Before D-Bus became widely adopted, desktop environments and applications used various methods for inter-process communication and system integration. They relied on direct IPC mechanisms like Unix domain sockets, named pipes, or shared memory, and utilized the X Window System's built-in protocols for tasks such as clipboard management and window event handling. Custom solutions like KDE's DCOP were also common, tailored to specific needs but lacking the standardization of D-Bus. Now desktop applications communicated through configuration files, polling for changes, or using environment variables for session management. Sure these methods somewhat worked, they lacked the level of flexibility, efficiency, and ease of use that D-Bus provides, which standardized IPC across different environments and applications.
 
utilized the X Window System's built-in protocols for tasks such as clipboard management and window event handling
Uhm, there's just one (extensible) X protocol, which for communication purposes offers some "primitives" (events/messages are builtin for the most basic stuff, but can be synthesized by any client, general-purpose selections with owners and "window properties" are offered, X design philosophy was "mechanism over policy" after all), so most of the protocols you're probably talking about are those specified on top of these primitives (like in ICCCM and EWMH, but also additional ones).

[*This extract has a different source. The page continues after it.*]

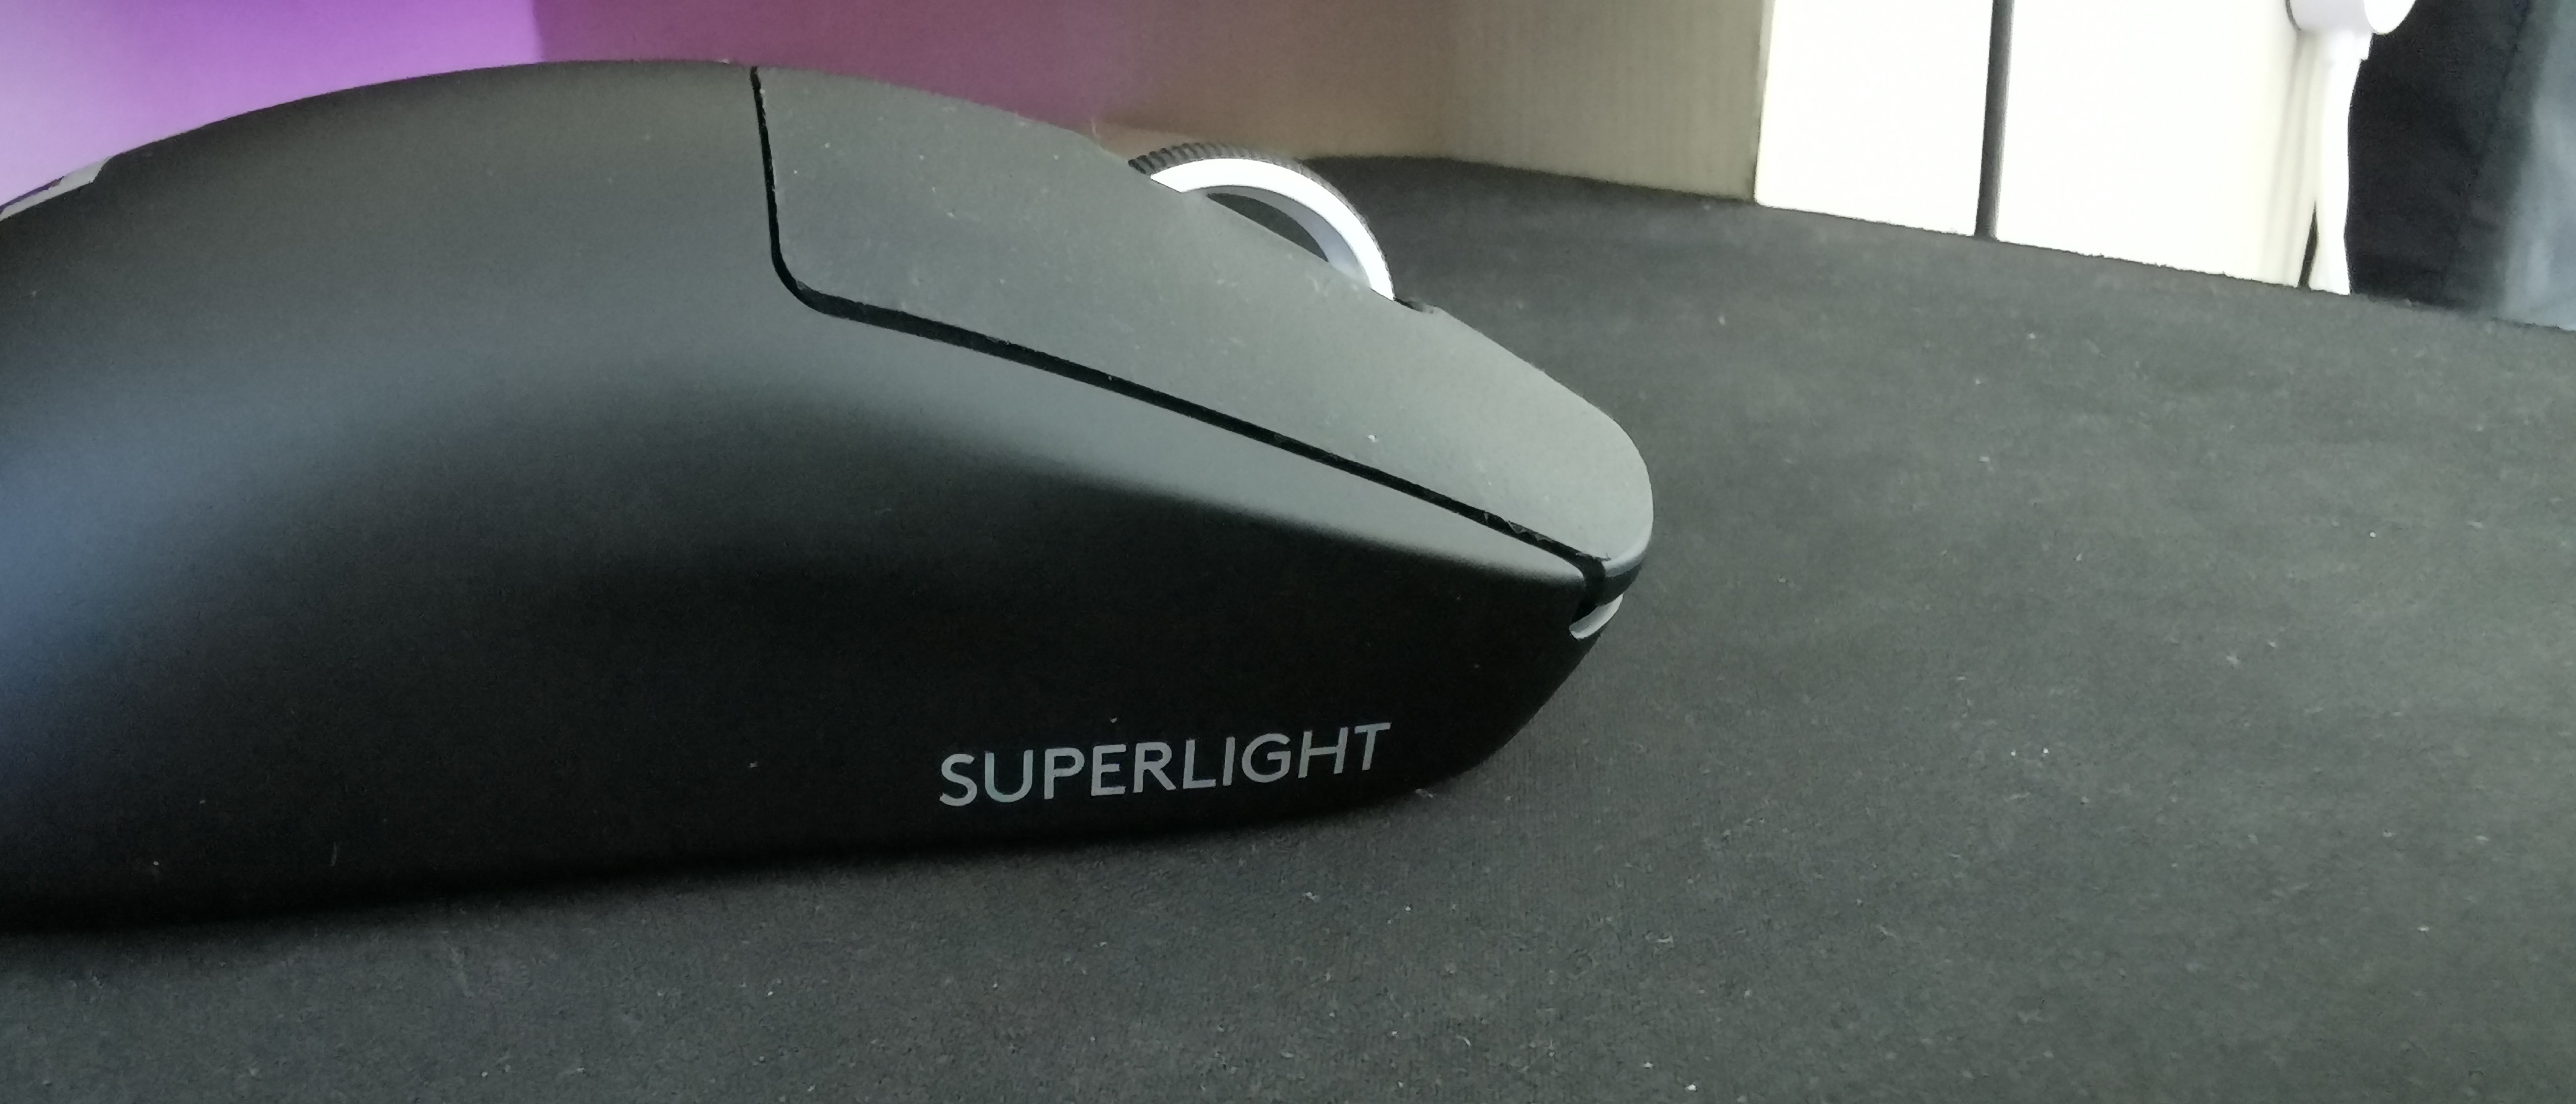 Logitech G Pro X Superlight review: Sleek minimalism meets
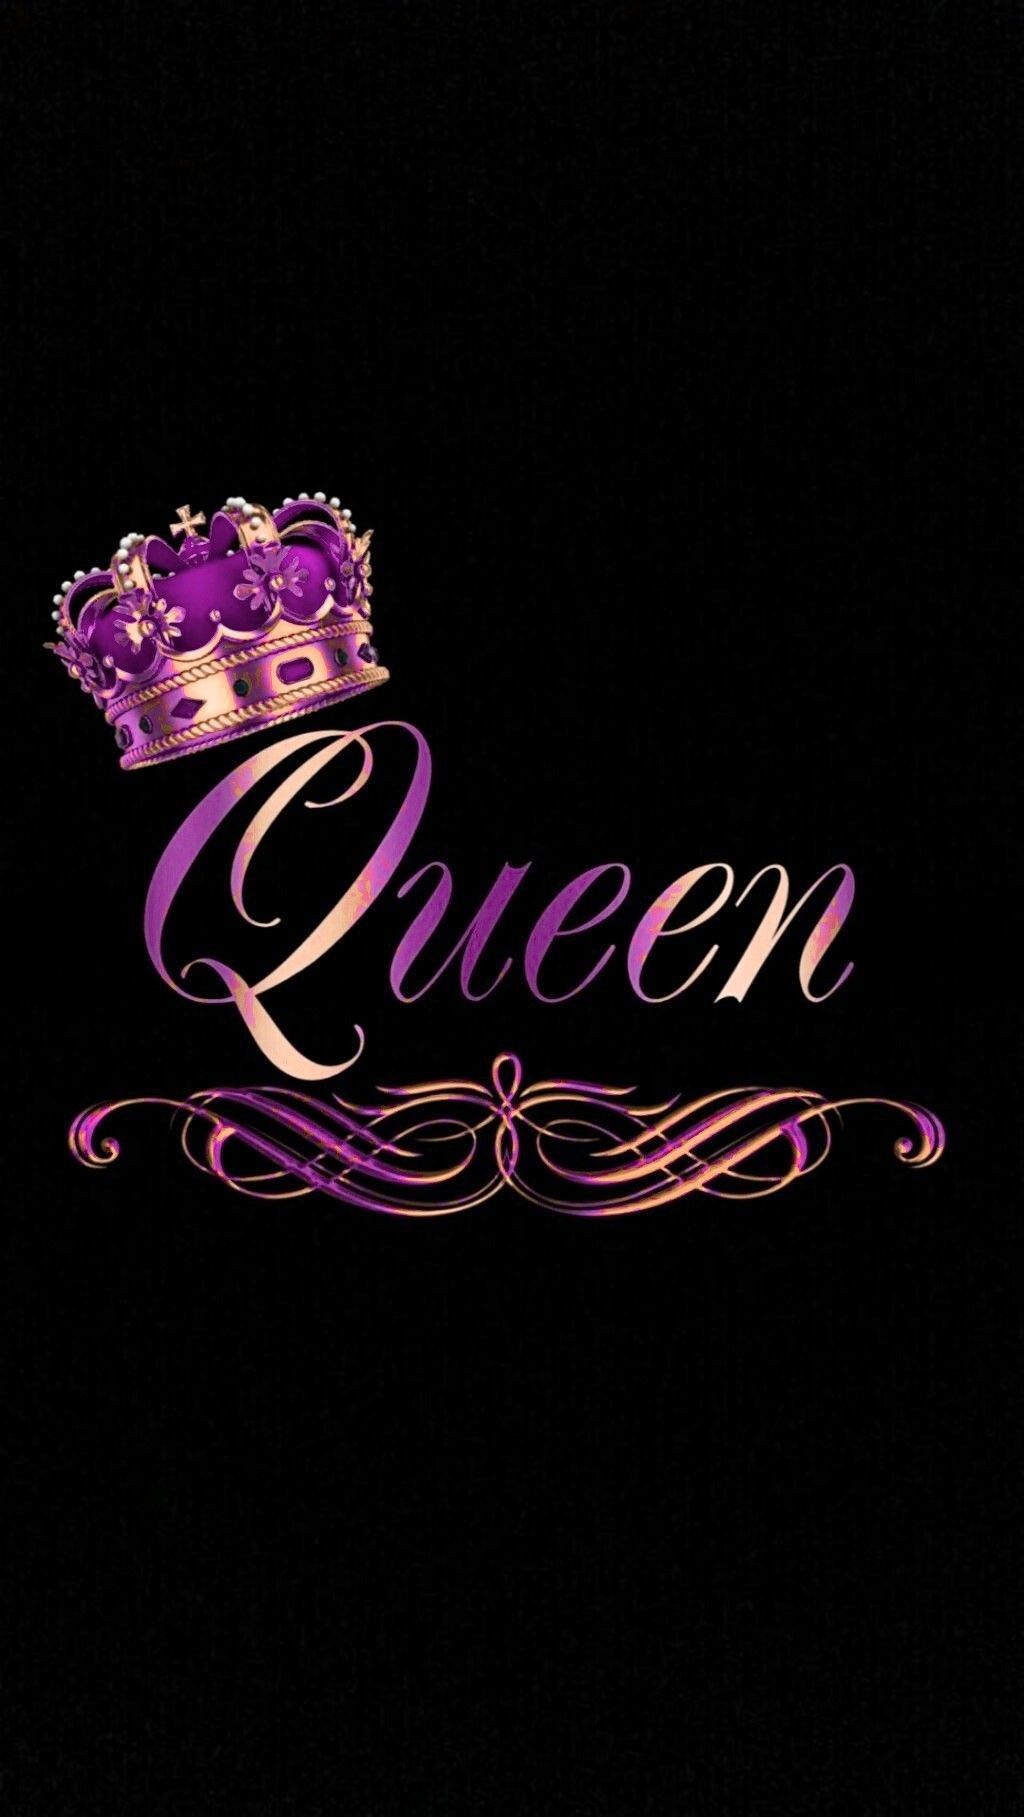 bunny wallpaper. Pink queen wallpaper, Queens wallpaper, Queen wallpaper crown

These protocols, when used correctly, work well for all the common interoperability stuff you'd want on a desktop regarding applications that aren't "part" of that desktop -- unless of course your goal is to eliminate the X server.

I already said that I think d-bus conceptually makes sense for tightly integrated desktop environments. It's certainly better than every desktop coming up with its own solution, and a somewhat complex desktop environment certainly has a need for something like that.

But it annoys me that protocols based on d-bus now also attempt to replace well-working protocols based on X11. I don't want to have dependencies on d-bus in every random application. Case in point, for the x11/xmoji utility I'm currently building (which only makes sense on X11 anyways, not on wayland), I plan to add an optional "tray icon". There's an old protocol supporting that based on the XEmbed protocol, and a newer one utilizing d-bus. With the old one, you can simply have a regular X window for your icon and e.g. use XRender on it. I'll only implement that one, although the large desktops nowadays use d-bus "natively". At least KDE offers compatibility through some proxy service, so I don't see why I should pull in even more dependencies just for such a simple and optional thing ... if a desktop only supports the d-bus variant, well then, no icon there.